I got caught up in a discussion on plugins for WordPress today, which got me thinking about some things that I really should share with the Devlounge readership. It might seem a trifle basic to some of you, but you should understand that there are a lot of people who extend and further extend their websites with plugins, widgets, gadgets, gizmos, addons, extensions, or whatever they are called for their publishing platform, and by doing so really just make the visitor’s experience worse.
So what am I talking about, really?
Plugin Overload
Sometimes you stumble over a cool feature that someone has on his or her website. You want it for your own, or your client wants it for their site. Googling it will find a solution, of course, and it might be a plugin for the CMS you’re using.
Excellent! Install! Blam! It’s up!
Then it happens again. And again. It goes on and on, and suddenly you have 20+ plugins installed, and you’re wondering why the reader stats are going down.
The ease of adding plugins makes us sometime forget 5 things:
- Extending the CMS with plugins might strain it more.
- Additional functionality usually means additional database queries, calls to scripting actions, or whatever.
- Widgets hosted on a different server can hog up a site, just because the server they are on isn’t responding properly.
- Too many things at once might clash, because the developers didn’t take everything into consideration.
- Cramming too many features in one place will most likely make it cluttered and unfocused.
It is very easy to just download a plugin and extend our CMS today. A lot of times that is a good thing, but sometimes it goes too far. There really is no telling how well two different plugins will work together. A lot work perfectly well, but some might clash due to poor programming or coincidence. After all, there is no way that the developer can test his work with everything out there, now is there?
There’s also the matter of load times. First of all, the more you put on a site, the bigger it will get and the slower it will load. This is less of an issue today, with high speed internet access, but it is still an issue. Second, if you use external services, like Share This or Disqus for instance, you will have to wait for them before you can use their functionality. If they are implemented right, the rest of the site will load, but that is not always the case. Third, people are impatient, high speed internet access or not – they want everything to happen the moment they click. So when someone finds a link to your Kick Ass Super Duper Post Of Brilliance, clicks in anticipation of reading something genius, and then it loads slooowly, you might just have lost a faithful reader.
Finally, there is something called two many features as well. Do you really need everything you clutter your site with? Just browsing the blogosphere tells me that the case is usually “probably not”…
The Plugin Rule
So what can you do? I have something I call the Plugin Rule. Basically, it goes something like this:
Never add a plugin for a feature your CMS can do with a little bit of custom coding.
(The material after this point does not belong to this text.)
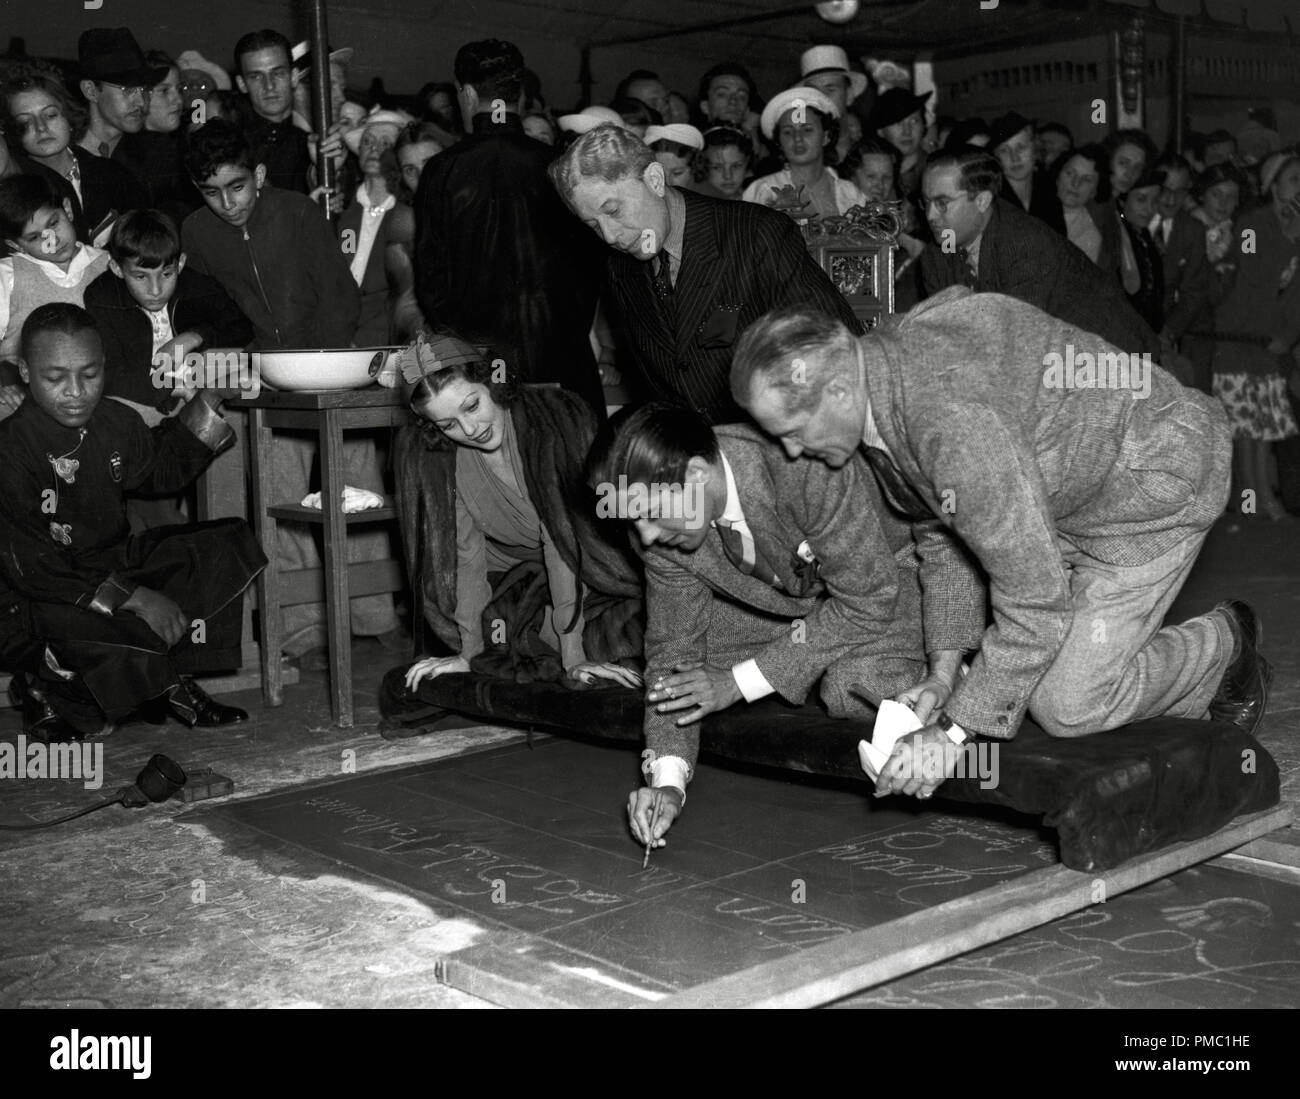 Tyrone Power, war gerade dreiundzwanzig, als er mit seiner Drucke in Zement am Grauman's Chinese Theater, geehrt. Er am 31. Mai 1937 ausgezeichnet wurde, in einer Zeremonie hielten gemeinsam für ihn und Loretta Young (links), Sid Grauman auch dargestellt hinter ihnen. Datei Referenz # 33595 501 THA Stockfoto
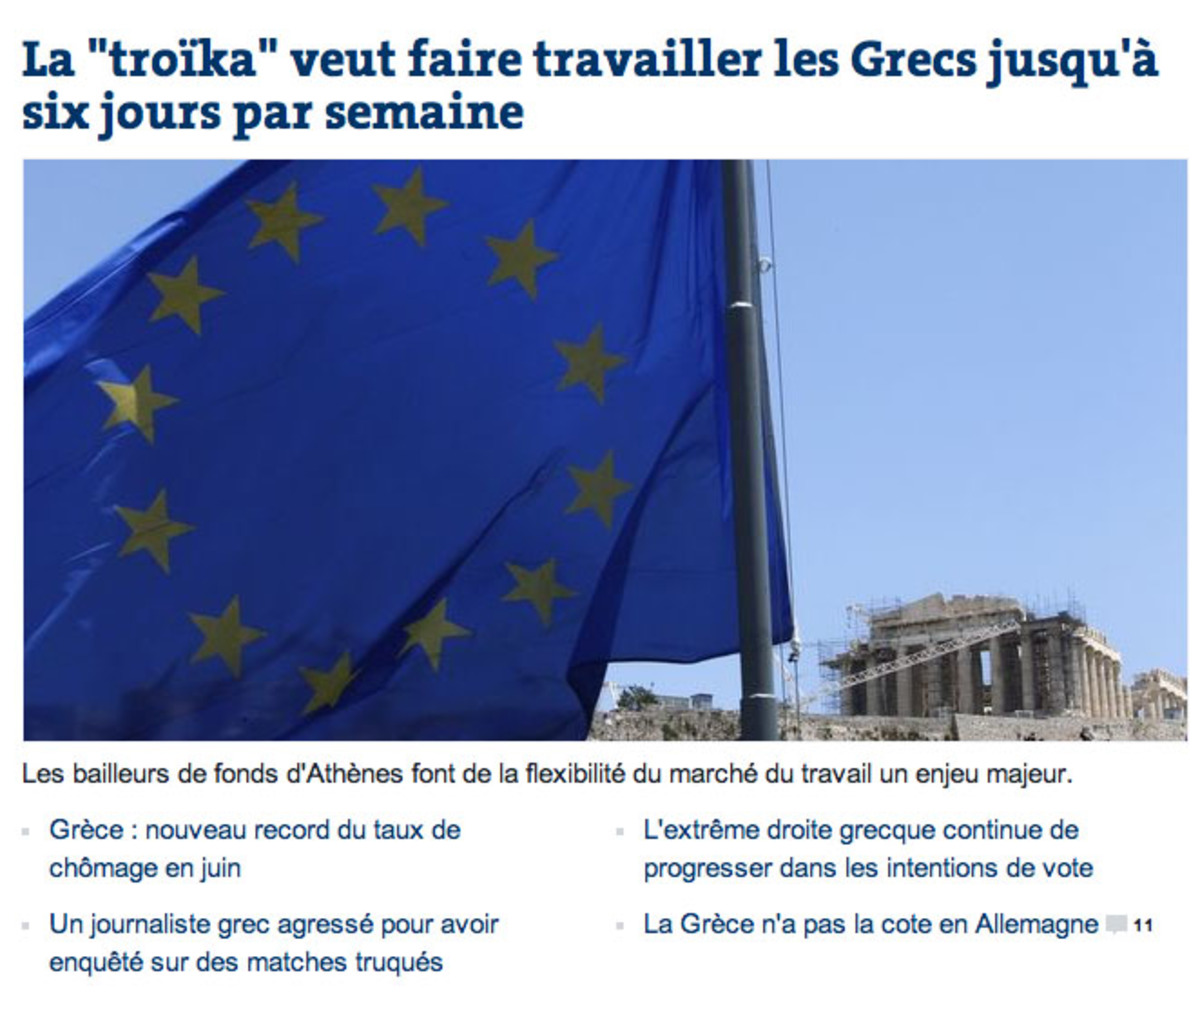 Πρώτο θέμα η Ελλάδα στη “Le Monde” – 6ήμερο, ανεργία και άνοδος της Χρυσής Αυγής

Now, there’s the issue of actually doing that custom coding as well. Let’s say you’re running a WordPress blog and want a submit to Reddit link. You could do that with Share This, with one of the numerous plugins, or you could hack the theme template and add the submit link there. The ideal solution is the last one, since it relies on no plugins nor external services, but not everyone is capable of doing that. They should, of course, choose a plugin that gets the job done. That is, if they really need the feature – otherwise just forget about it.
It all boils down to your level of expertise of course, but try and avoid using plugins for everything. Always search for a less obtrusive solution. And perhaps most important of all: Always question the need of the added functionality. After all, less is sometimes actually more.